I find it useful to think about failure in three categories.
| Response | When to Use | Example |
|---|---|---|
| Retry | Transient failure like API timeout or rate limit | Agent retries the same request with backoff |
| Replan | Partial failure where approach isn't working but goal is still valid | Agent adjusts strategy based on what it learned from the failure |
| Escalate | Fundamental failure like wrong problem or missing capability | Agent stops and asks a human or higher-level orchestrator for guidance |
Checkpoint gates from Chapter 7 handle stop-and-review. The spec defines gates where work pauses for validation. Adaptive replanning handles adjust-and-continue. The agent or orchestrator recognizes the current approach is failing and adjusts without stopping the whole workflow.
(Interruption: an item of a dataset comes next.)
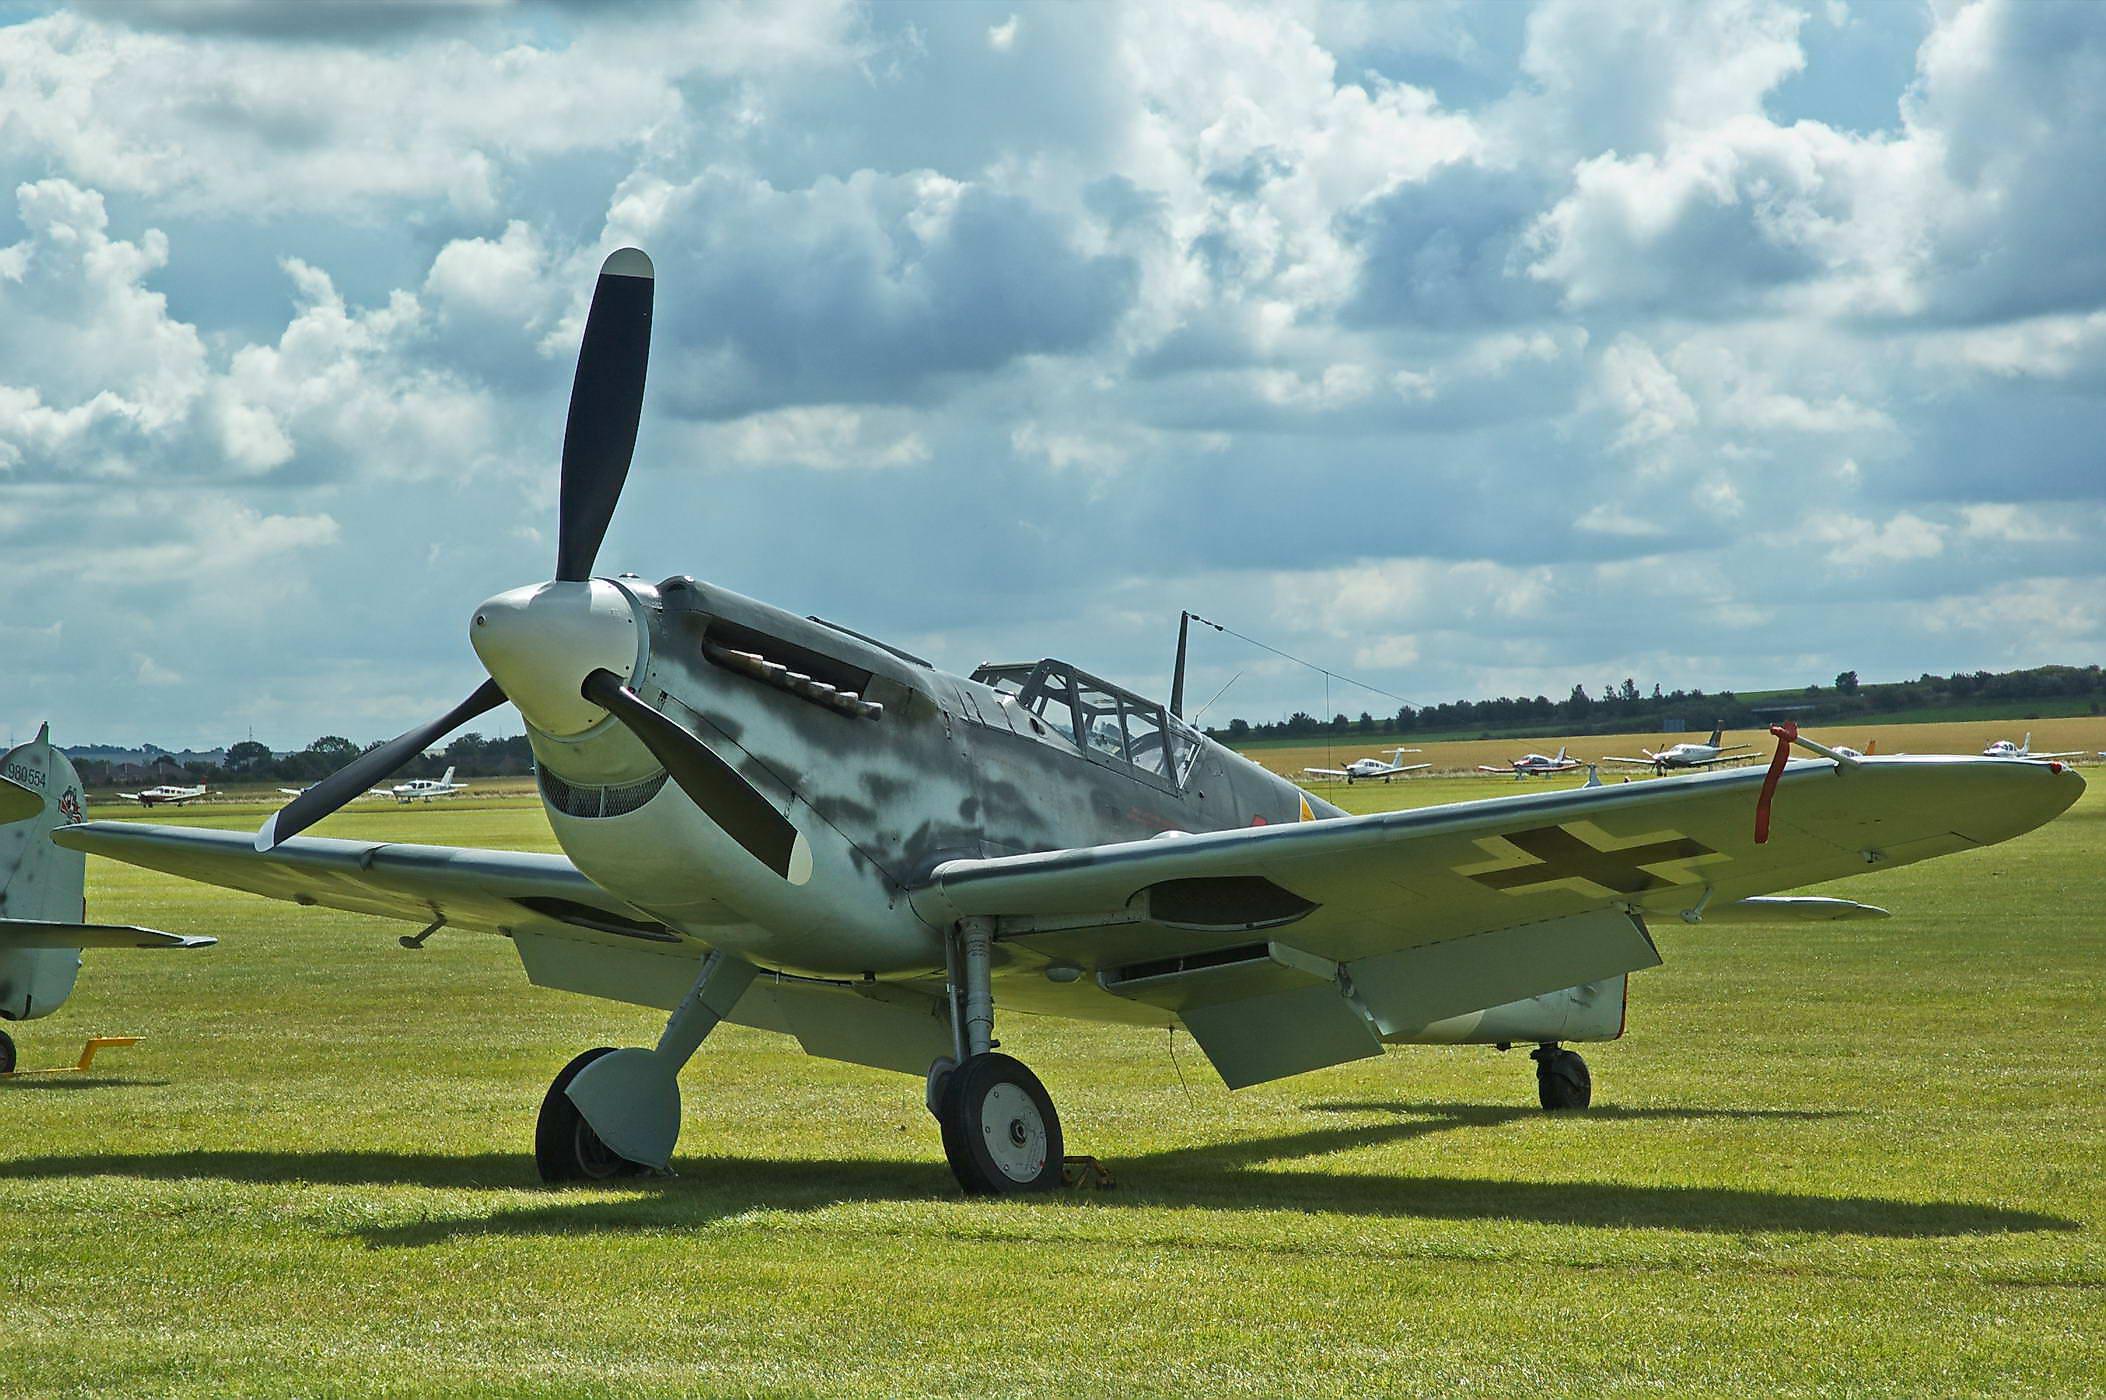 Hispano HA-1112-M1L Buchon C.4K-102

Both are needed. Gates catch systematic issues. Replanning handles in-flight course correction.
Rollback mechanisms matter when agents act on external systems. Git handles code rollback. But agents also make API calls, deployments, and database changes. For these actions, you need explicit undo patterns. Saga patterns give each step a corresponding compensating action. Idempotent operations make retrying safe because the same action always produces the same result. If an agent creates a cloud resource, the rollback must destroy that resource. Deleting the reference in code is not enough.
Orchestrators without rollback mechanisms are flying with no parachute. The higher the stakes, the more important the undo pattern.

Start Here: The Orchestration Checklist
If you are designing an agent system, work through these five decisions in order. Each one builds on the previous.
List your roles. Identify every role in the workflow. PM, Architect, Team Lead, Backend-Engineer, Tester, Security-Analyst, whatever your project needs.
Classify each role: Remember or Execute? Governance roles that carry context across phases are agents. Execution roles scoped to a single task are subagents.
Assign a context loading mode to each role. LLM-controlled for exploratory work where you trust the agent. Agent-software-controlled for compliance-critical tasks where context must be deterministic. Human-controlled for sensitive decisions where a human should stay in the loop.
Choose your architecture pattern. Sequential when phases depend on each other. Hierarchical plus parallel when tasks are independent but need a coordination point. Start with agentic workflows (orchestrated with checkpoints), not fully autonomous agents.
Define your failure responses. For each agent, decide what happens when things go wrong. Retry for transient failures. Replan for partial failures. Escalate for fundamental ones. If agents touch external systems, define explicit rollback steps. And for any orchestrated system, ensure structured logging at the orchestrator level so you can trace subagent outputs when things go wrong.
These five decisions are the foundation of any orchestrated system. Get them right and the rest is implementation.

What's Next
TechLok succeeded because the orchestrator designed composition, not just coordination. I chose who ran in parallel, decided what each team should explore, and combined the strongest pieces into something none of us could have built alone.
But coordinating specialists only matters if you can tell good output from bad. Chapter 9 covers Evals and Loops, where evaluation becomes control flow, not just quality checking. The agents who build also need agents who judge.
The orchestrator's real job was never coordination. It was seeing the combination no one else could.